Reputation: 2591
A conventional CSV file will contain rows that all have the same columns, and an optional a header row, however in this situation I need to process a CSV that seems non-standard in that it has a "header" row that contains 5 columns, followed by an unspecified number of "body" rows that contain about 15 columns each (unrelated to the header row), and ends with a "footer" row that contains 4 columns.
It looks like the entire file is representing an object, something like this:
headerValue1,headerValue2,headerValue3,headerValue4,headerValue5
bodyvalue1,bodyvalue2,bodyvalue3,bodyvalue4,bodyvalue5,bodyvalue6,bodyvalue7,bodyvalue8,bodyvalue9
bodyvalue1,bodyvalue2,bodyvalue3,bodyvalue4,bodyvalue5,bodyvalue6,bodyvalue7,bodyvalue8,bodyvalue9
footervalue1,footervalue2,footervalue3,footervalue4
I need to convert it to JSON format and so have been trying to set the CSV values to an Array of objects using a for-loop but have had no luck (no useful code to post).

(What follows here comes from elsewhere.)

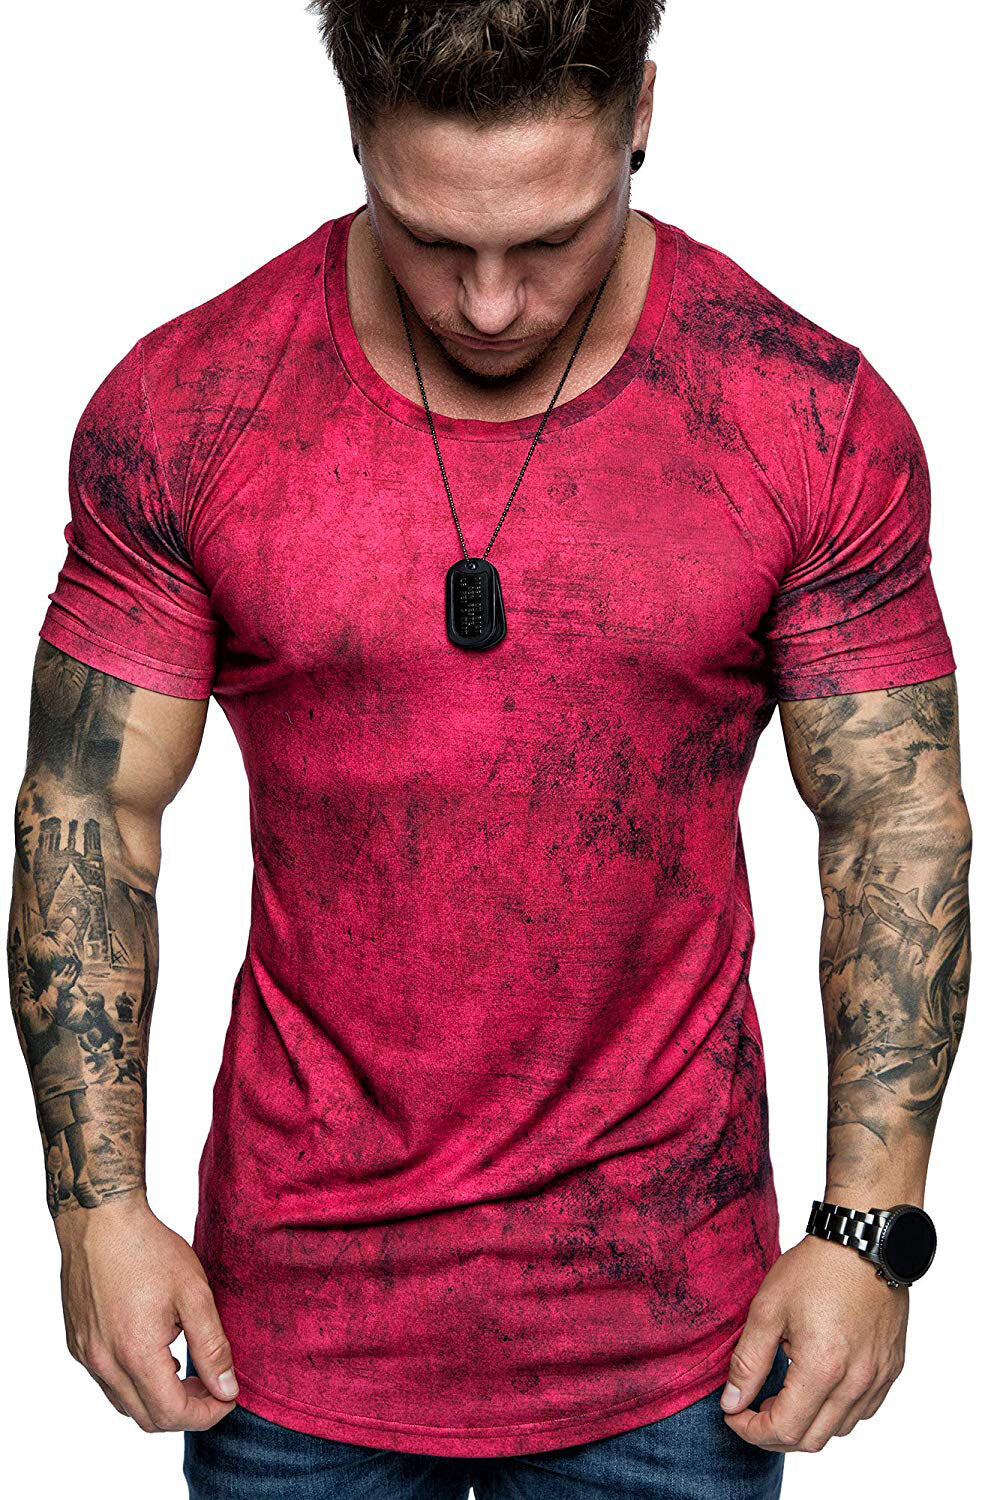 Summer Casual Short Sleeve T-shirt for men Breathable Quick-Dry Fitness Casual Shirts

Both the CSV formats with header and without in mule don't seem to work as it seems to expect that each column will contain the same field type, which they don't.

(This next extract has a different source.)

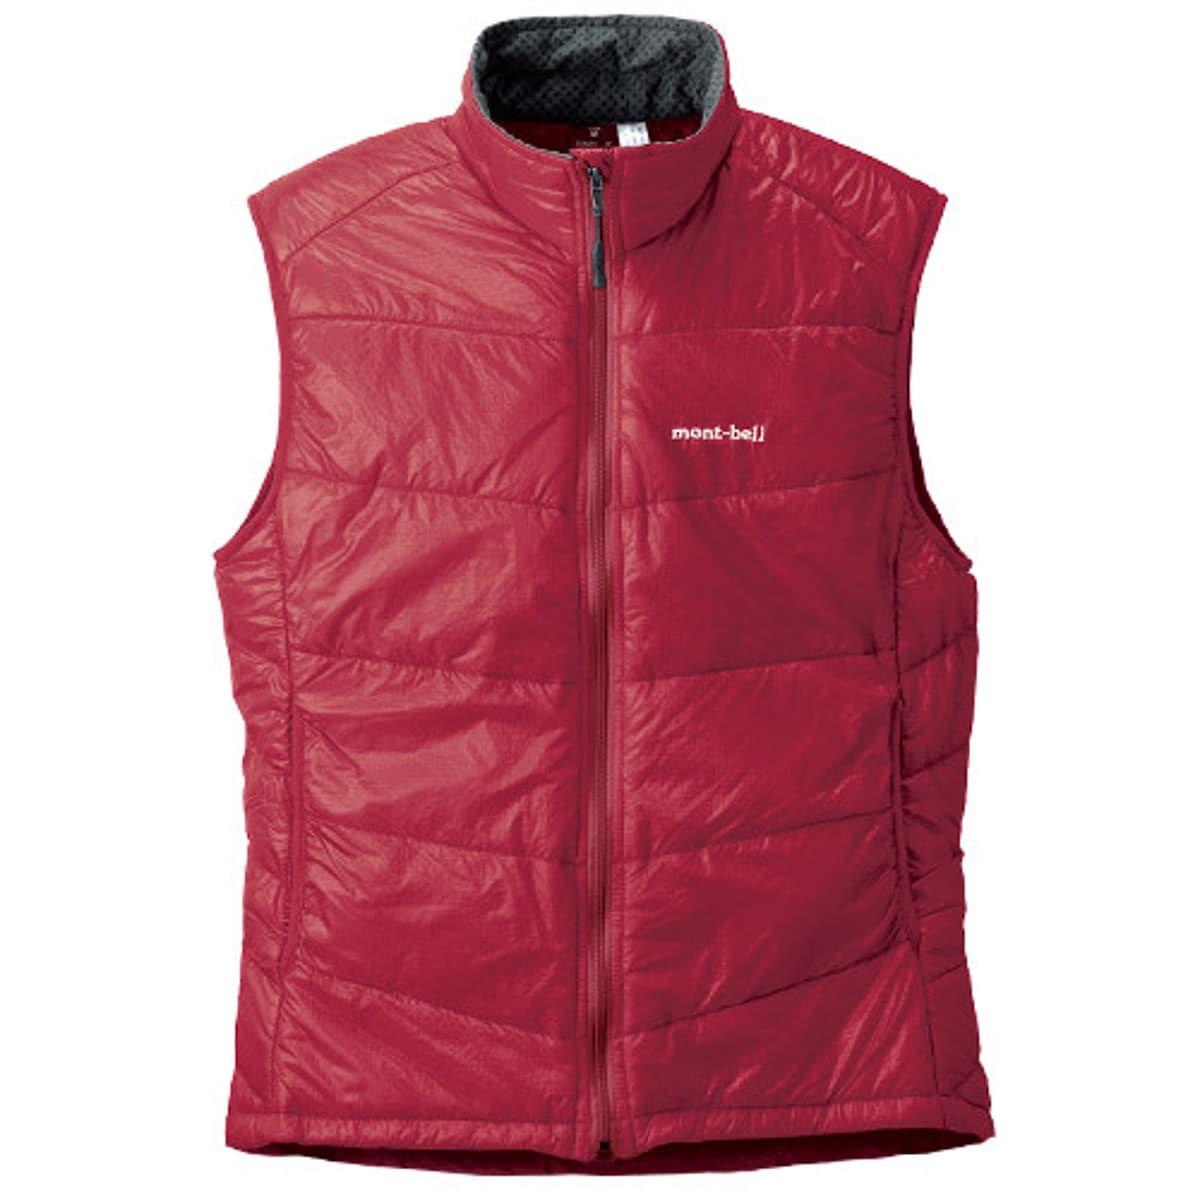 MontBell Ultralight Thermawrap Insulated Vest - Women's - Clothing

Also tried to define a flat-file schema for it but had no luck either (could be due to my limited knowledge in the area).

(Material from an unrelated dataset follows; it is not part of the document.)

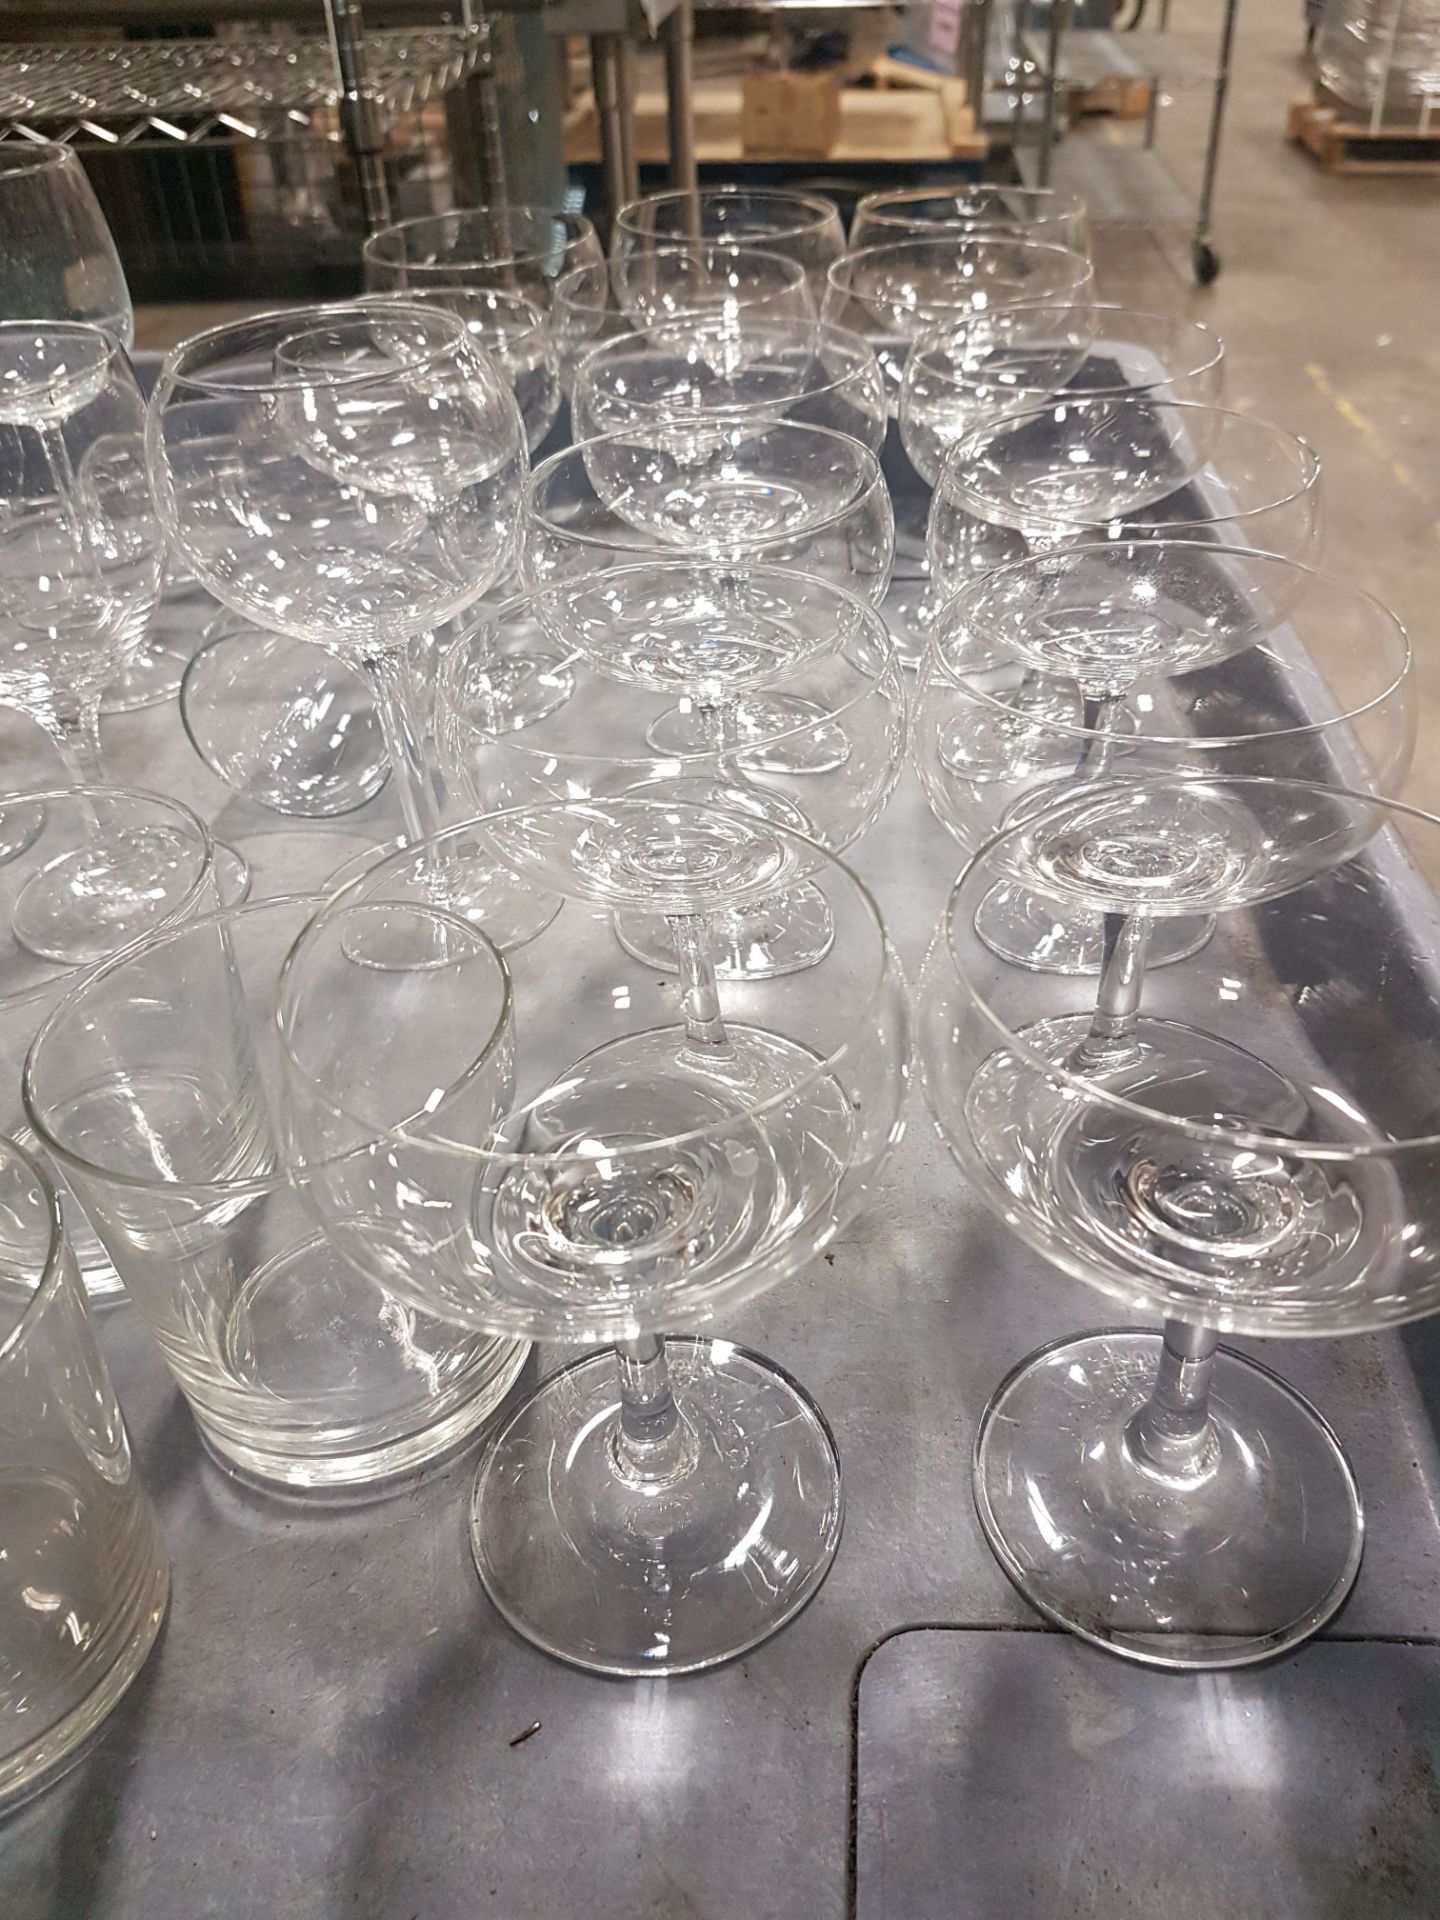 Assorted Glassware - Approx. 50 Pieces - 1 Lot - Image 2 of 4

So my question is how to correctly, or efficiently, pass this CSV data into a usable array or object, or perhaps even straight into JSON format?
Upvotes: 0
Views: 2463
Reputation: 1151
If I understand correctly, your file is a flat file structure consist of header, data/body, footer, where each record / segment is a delimited record. Mule's flat file reader will not work as it can only support fixed-width records. What you can do is to separate each group of records into string and then read each record as csv. I can do that in two transform step, Transform 1 - to read the file and parse the payload as array of strings, Transform 2 - to transform the array of strings to proper json format. Note here that there might performance issue (if your flat file is too big) as it will hold the payload as string in memory.
Flow:
Transform 1:
%dw 2.0
output application/java
---
payload splitBy "\r\n"
Transform 2:
%dw 2.0
output application/json
var sizePayload = sizeOf(payload)
---
{
header: read(payload[0], "application/csv", {"header" : false})[0],
body: read(payload[1 to sizePayload-2] joinBy "\n", "application/csv", {"header" : false}),
footer: read(payload[sizePayload-1], "application/csv", {"header" : false})[0],
}
Given a sample file below:
headerValue1,headerValue2,headerValue3,headerValue4,headerValue5
bodyvalue1,bodyvalue2,bodyvalue3,bodyvalue4,bodyvalue5,bodyvalue6,bodyvalue7,bodyvalue8,bodyvalue9
bodyvalue12ndRow,bodyvalue2,bodyvalue3,bodyvalue4,bodyvalue5,bodyvalue6,bodyvalue7,bodyvalue8,bodyvalue92ndRow
footervalue1,footervalue2,footervalue3,footervalue4
This will result to below json:
{
"header": {
"column_0": "headerValue1",
"column_1": "headerValue2",
"column_2": "headerValue3",
"column_3": "headerValue4",
"column_4": "headerValue5"
},
"body": [
{
"column_0": "bodyvalue1",
"column_1": "bodyvalue2",
"column_2": "bodyvalue3",
"column_3": "bodyvalue4",
"column_4": "bodyvalue5",
"column_5": "bodyvalue6",
"column_6": "bodyvalue7",
"column_7": "bodyvalue8",
"column_8": "bodyvalue9"
},
{
"column_0": "bodyvalue12ndRow",
"column_1": "bodyvalue2",
"column_2": "bodyvalue3",
"column_3": "bodyvalue4",
"column_4": "bodyvalue5",
"column_5": "bodyvalue6",
"column_6": "bodyvalue7",
"column_7": "bodyvalue8",
"column_8": "bodyvalue92ndRow"
}
],
"footer": {
"column_0": "footervalue1",
"column_1": "footervalue2",
"column_2": "footervalue3",
"column_3": "footervalue4"
}
}
Upvotes: 0
Reputation: 25699
DataWeave handles this case. Unnamed columns get a generic column name ('columns_N'). For an example see the documentation. A direct payload convertion (ie 'payload') works.
DataWeave example:
... set the csv into the payload and be sure its MIME type is to application/csv...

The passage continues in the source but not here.